Slang doesn't support the legacy behavior of GLSL.
|
Understood, and thank you for the review and the clear direction. 👍 Acknowledging the disposition: this stays a one-off, cherry-pickable reference for anyone who wants to try the OpenGL Leaving the PR open as that reference unless you'd prefer it closed — happy to close on your word. 🤖 Generated by an automated Slang coworker — may be inaccurate. A human maintainer should verify. |
State the real precondition -- a gated GLSL vertex gl_Position is not read back within the shader after the output write -- as the justification for omitting invertYOfPositionOutput's IRLoad branch, instead of appealing to non-involutivity (which only explains why _remapZOfVector cannot be reused for a read-back, not why the omission itself is correct). Comment-only; no functional change.
|
/regenerate-cmdline-ref |
|
CI status note (for anyone cherry-picking this reference): The only failing check is One-line fix for anyone with a build: (or I couldn't run it here — no local build (disk-full, disclosed above), and the bot's 🤖 Generated by an automated Slang coworker — may be inaccurate. A human maintainer should verify. |
|
/regenerate-cmdline-ref |
|
🌈 Regenerated command line reference, please merge the changes from this PR |
Motivation
Shaders authored against the OpenGL clip-space convention emit
SV_Position.zin the
[-w, w]range (NDC depth[-1, 1]after the perspective divide). Thestandard convention used by Vulkan/SPIR-V/D3D/Metal — and the default the GLSL
backend targets — is
[0, w](NDC depth[0, 1]). When such a shader iscross-compiled to textual GLSL for a desktop-GL pipeline that was set up for
the
[0, 1]convention (e.g. viaglClipControl(... GL_ZERO_TO_ONE)or a hostthat does its own depth handling), the depth comes out wrong with no per-shader
knob to correct it.
This is not a DXC-parity gap (D3D, Vulkan, and Metal all already share the
[0, 1]depth range) — it is the one place desktop GL differs, so it needs aGLSL-scoped opt-in rather than a target-wide behavior change.
Concretely, given:
-target glsl ... -fgl-remap-znow emits, just before the write togl_Position:i.e.

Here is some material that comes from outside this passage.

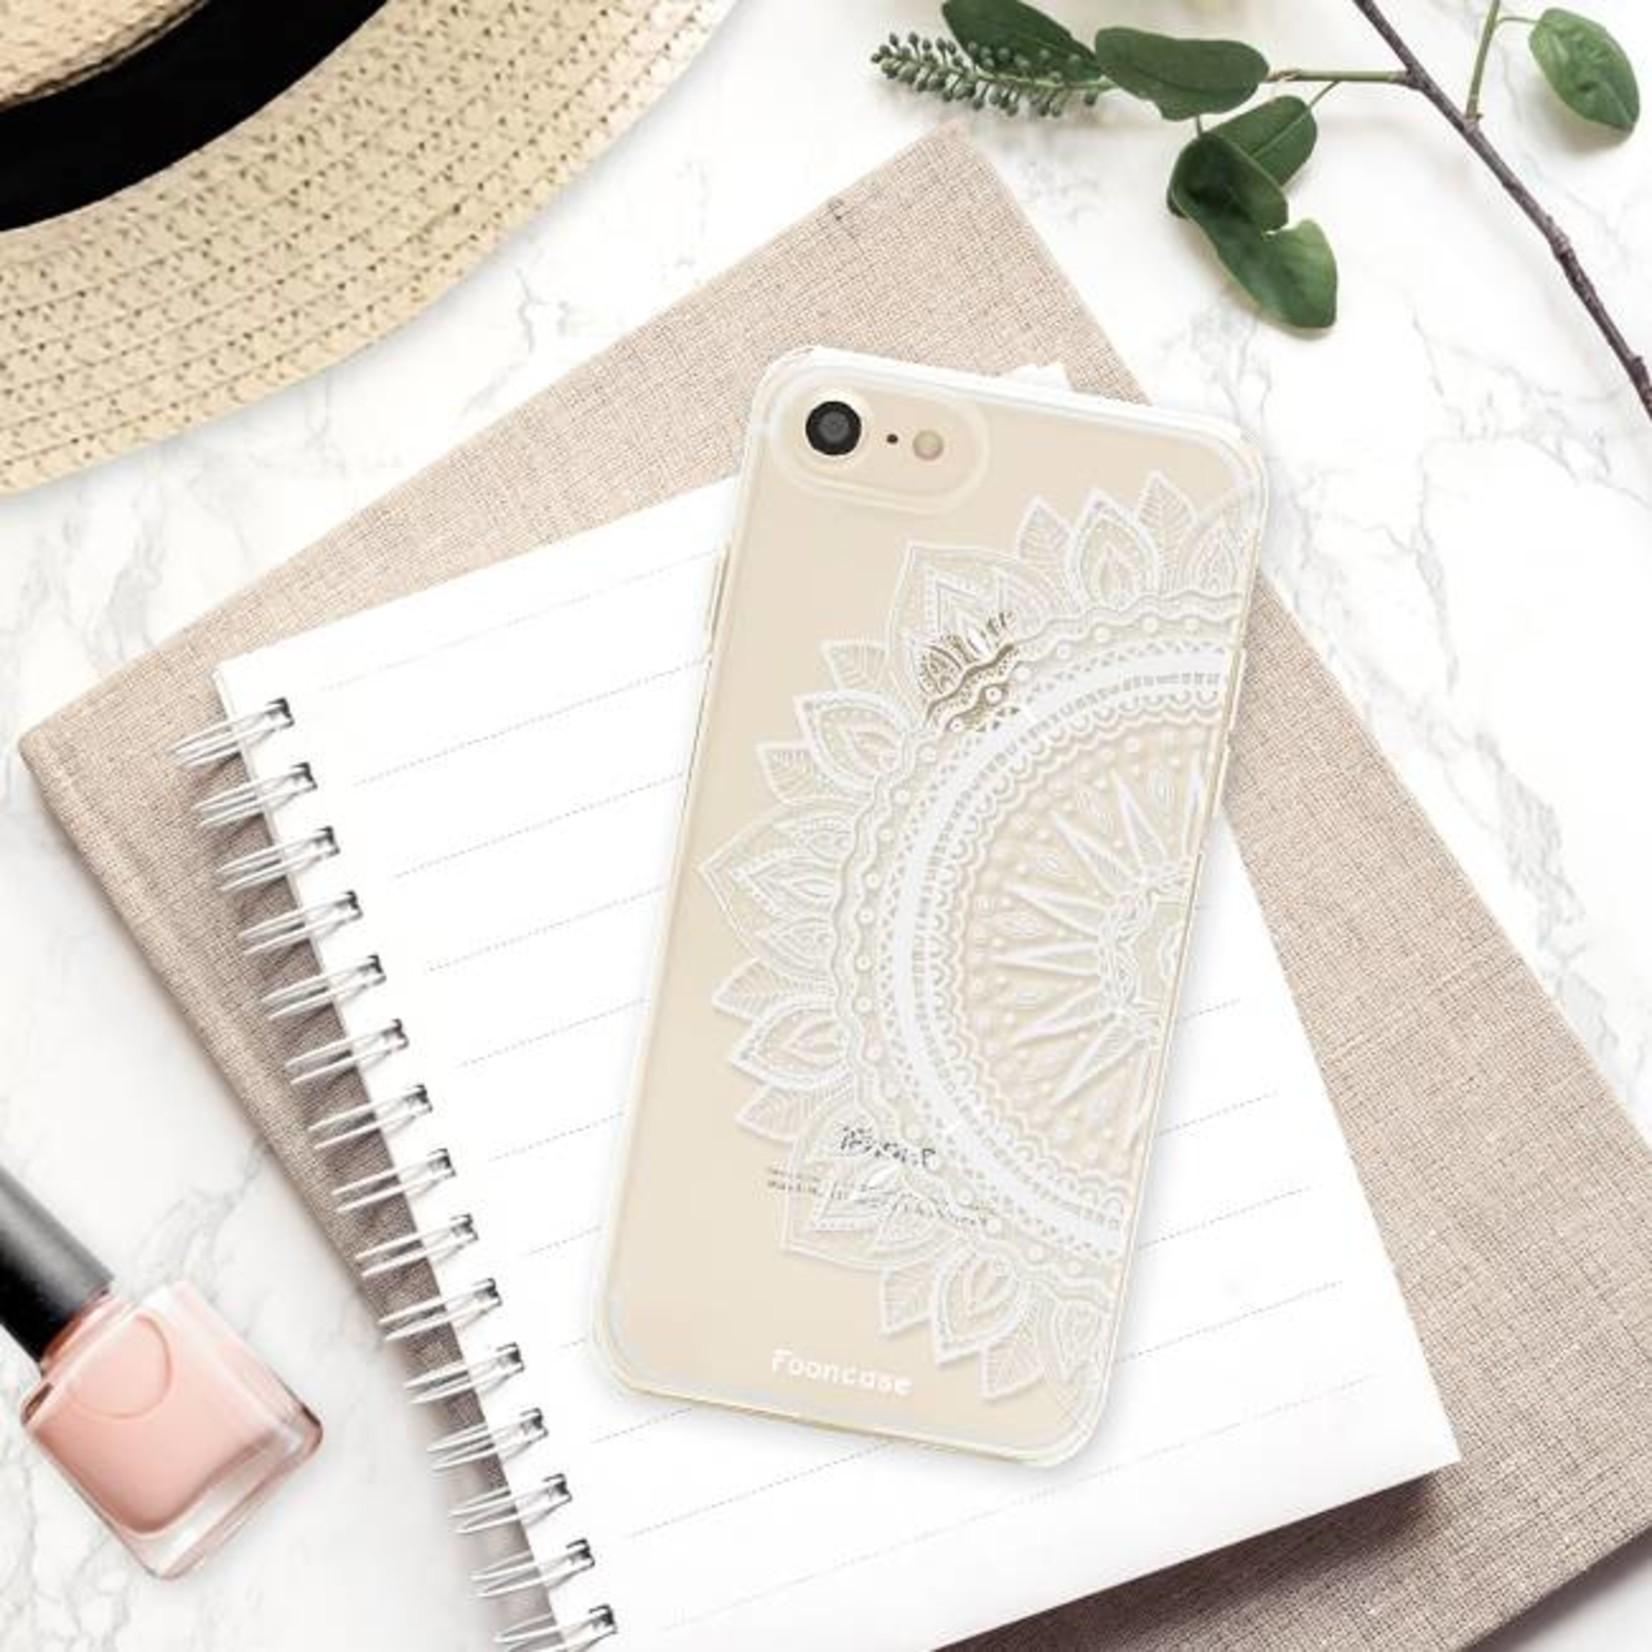 FOONCASE iPhone SE (2020) hoesje TPU Soft Case - Back Cover - Mandala / Ibiza

z' = (z + w) / 2, mapping[-w, w]to[0, w].Proposed solution
Add a new compiler option
-fgl-remap-zthat runs a small IR fix-up pass on theposition output, directly mirroring the existing
-fvk-invert-y/-fvk-use-dx-position-wmachinery. The remap is affine and reads both the z(index 2) and w (index 3) components of the position vector, so unlike the
single-component y inversion it must operate on the full
float4.Scope is deliberately narrow, per maintainer direction on #11599:
isKhronosTarget, so thepass is gated on
target == CodeGenTarget::GLSLinside that block to keepSPIR-V/Vulkan untouched.
outputs, it runs only when codegen is for exactly one entry point and that
entry point is a vertex shader; any other case (including a mixed-stage
whole-program request) is skipped. The stage is checked at the scheduling site,
keeping the IR pass itself stage-agnostic and simple.
[-1, 1] -> [0, 1]only (z' = (z + w) / 2). The reverse andbidirectional cases are out of scope.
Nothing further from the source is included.